- Directed by: Aditya Assarat
- Written by: Aditya Assarat
- Produced by: Soros Sukhum Jetnipith Teerakulchanyut
- Starring: Anchalee Saisoontorn Supphasit Kansen
- Cinematography: Ampornpol Yukol
- Edited by: Lee Chatametikool
- Music by: Koichi Shimizu
- Release date: 8 October 2007 (South Korea);
- Running time: 92 minutes
- Country: Thailand
- Language: Thai

= Wonderful Town (film) =

Wonderful Town is a 2007 Thai film written and directed by Aditya Assarat.

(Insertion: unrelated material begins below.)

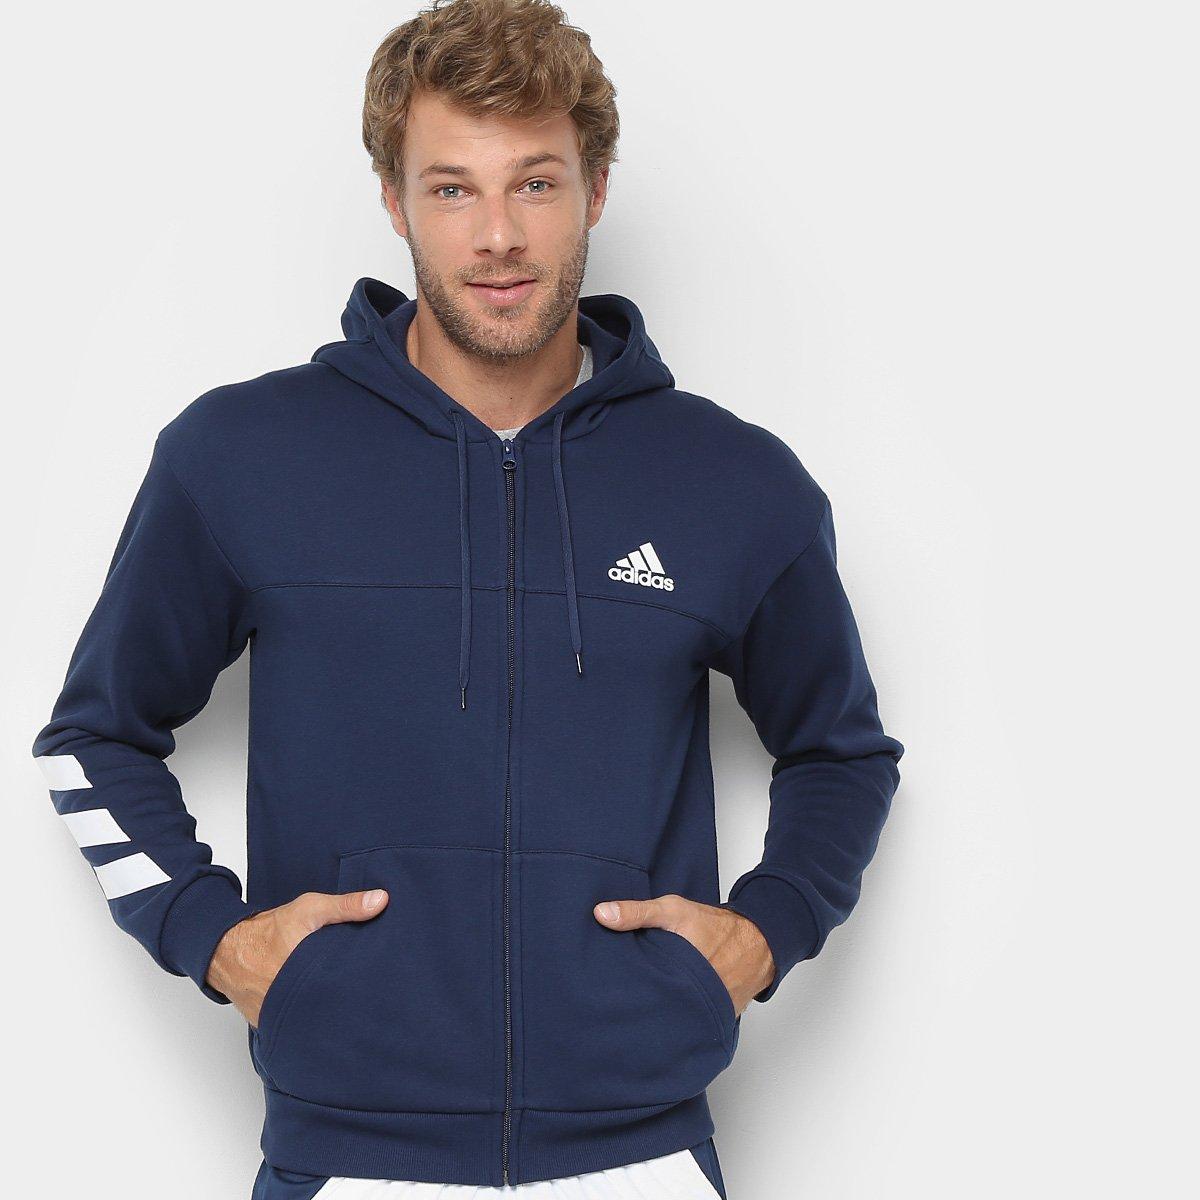 d9e666d2154 Blusa Adidas Sport Slim Masculina - Marinho e Branco - Compre Agora ...

The film is set on the mainland north of Phuket Island in the dreary post-tsunami Khao Lak area and Takua Pa town, Phang Nga Province. Shooting was completed in December 2006, for which Aditya had secured funding from Singha Beer and Rolex. More money was needed for post-production work, funds were provided by the Thailand Ministry of Culture's Office of Contemporary Art and Culture. Wonderful Town premiered at the 2007 Busan International Film Festival. It won the festival's top prize, the New Currents Award and a US$90,000 prize, which was split evenly with two other filmmakers who also won the award, Malaysian director Liew Seng Tat, who won for his film Flower in the Pocket, and Guang Hao-jin of China, for his film Life Track.

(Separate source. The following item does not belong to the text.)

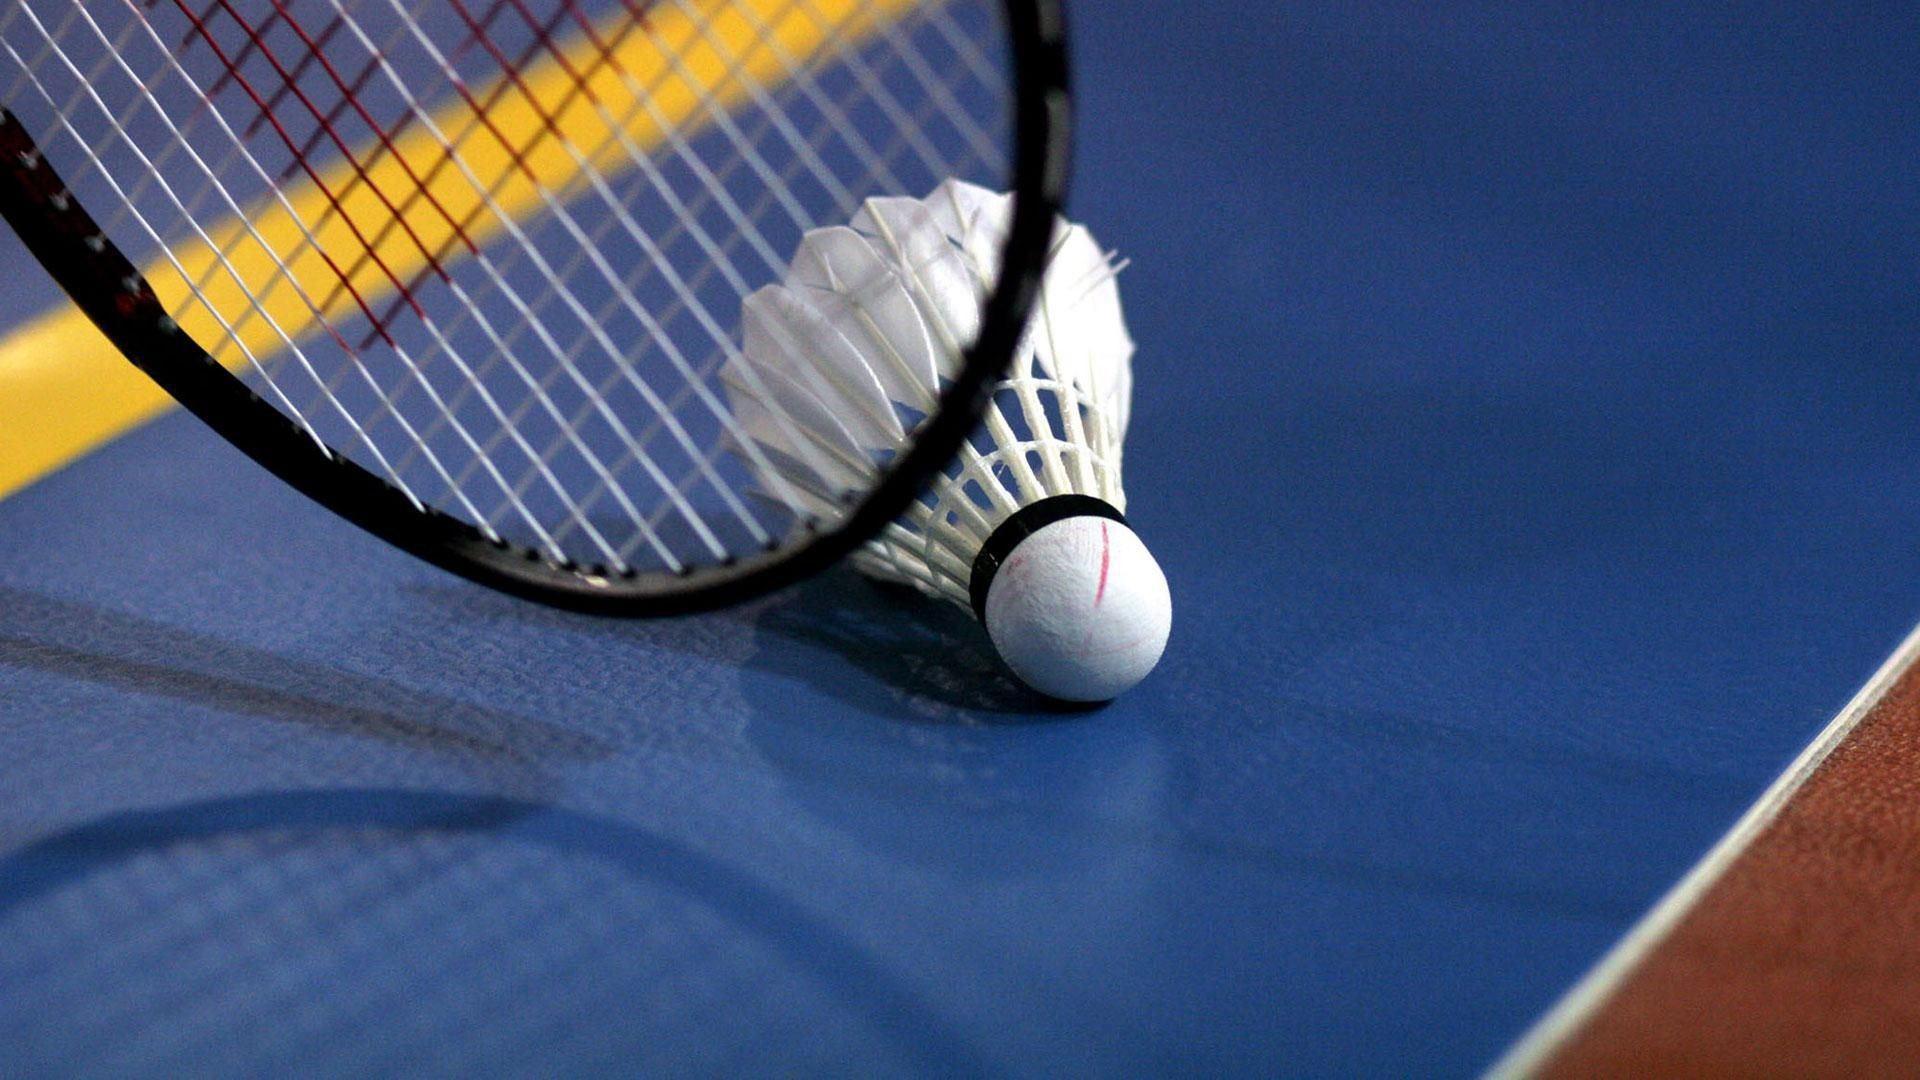 Afbeelding voor categorie Badminton

Aditya said he would use his prize money to transfer his digital-format footage to 35-millimeter, and hoped it would have a limited screening in Bangkok sometime in 2008. Wonderful Town was shown in the Forum programme at the 2008 Berlin International Film Festival, and won the prestigious Tiger Award at the 2008 International Film Festival Rotterdam.